У меня подозрение, что во время копирования файлов на сетевую шару, сетка отрубается и файлы тупо грузятся в память\своп, а когда она перегружается сервер сбрасывает память. В любом случае если он БСОДить будет, то это проблема в памяти\сетке.

----------


## serjga

Может для начала сменить блок питания?
Бывает так при умирающем питателе.
Проверить оперативку программой MemTest86 последней версии.

----------


## ivanov.slon

HelP!!! Стоит север win2003 server + сервер терминалов подключение происходит без пробелем, но не запускается не одно приложение, на серваке был вирус, с ним справился теперь похоже последствия, где в реестре ветка отвечающая за запуск приложений? Помогите, кто поможет ставлю пиво!!!

----------


## ams

> HelP!!! Стоит север win2003 server + сервер терминалов подключение происходит без пробелем, но не запускается не одно приложение, на серваке был вирус, с ним справился теперь похоже последствия, где в реестре ветка отвечающая за запуск приложений? Помогите, кто поможет ставлю пиво!!!

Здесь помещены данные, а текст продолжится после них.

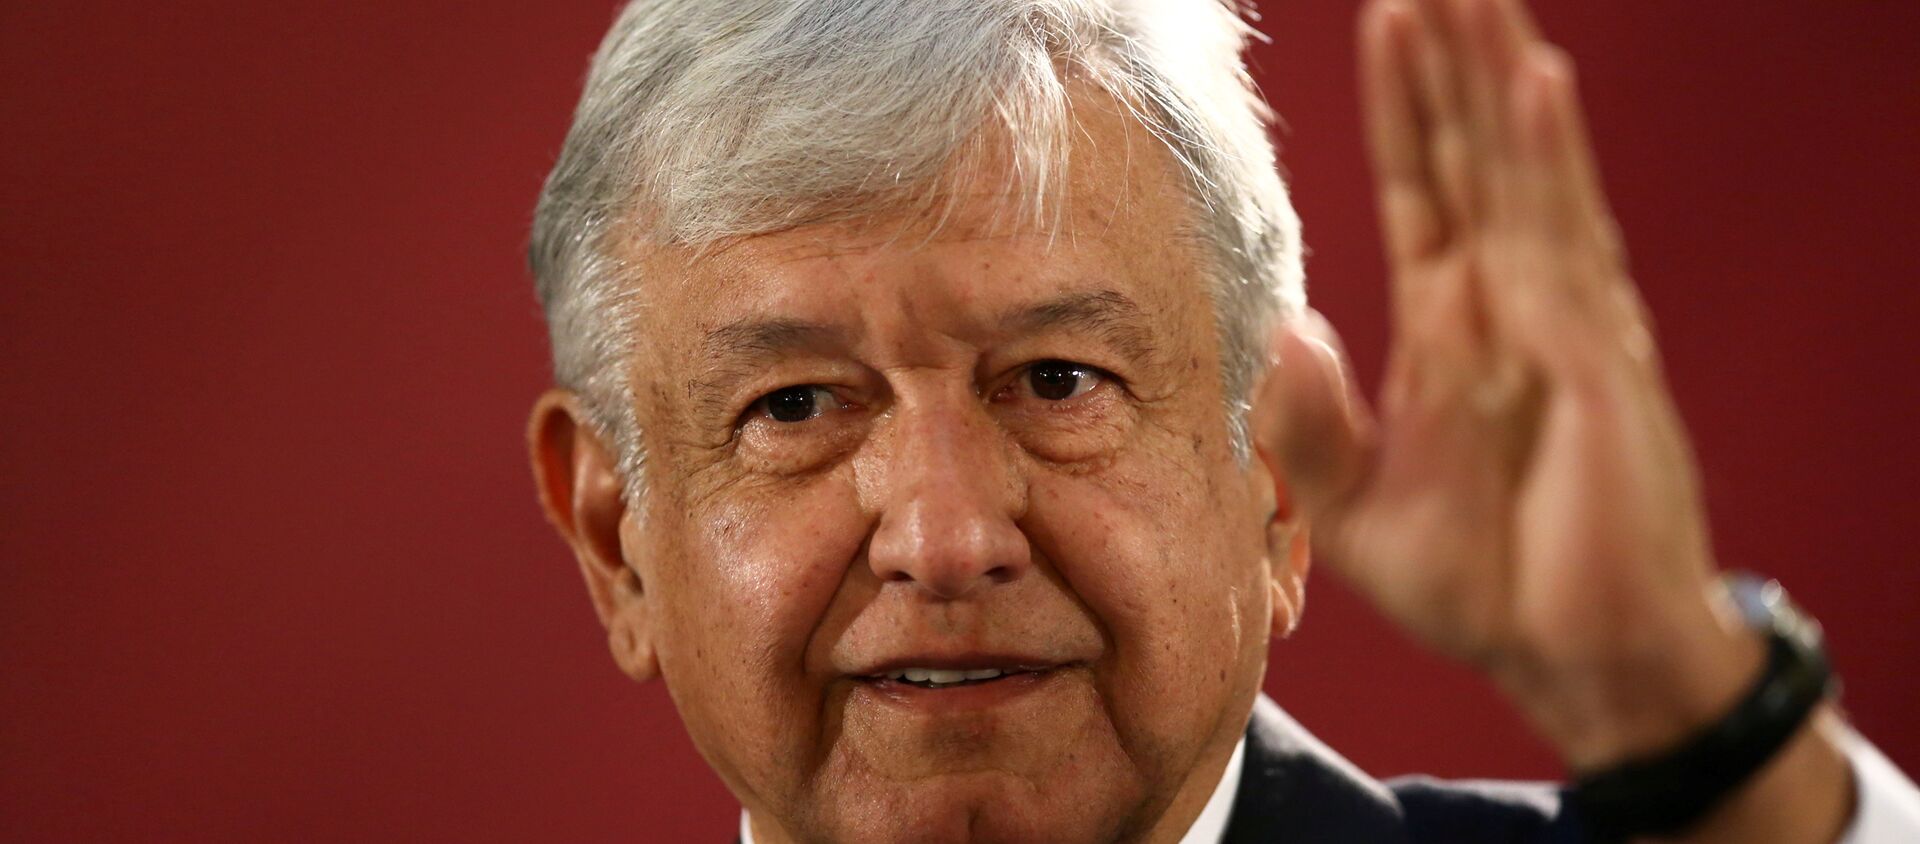 Andrés Manuel López Obrador, presidente de México - Sputnik Mundo, 1920, 18.12.2018

Если удалялся вирус то вполне возможно, что вместе с ним удалилась и часть реестра. 
Посоветую запустить sfc /scannow который и должен перезаписать (восстановить) реестр. 
Для данной операции понадобится CD с Win2003 (если сервис паки установлены то диск тоже должен иметь эти сервис паки обязательно).
Ну и сними образ с диска перед применением этой команды ибо пути мелгомягкого неисповедимы.
Удачи.

----------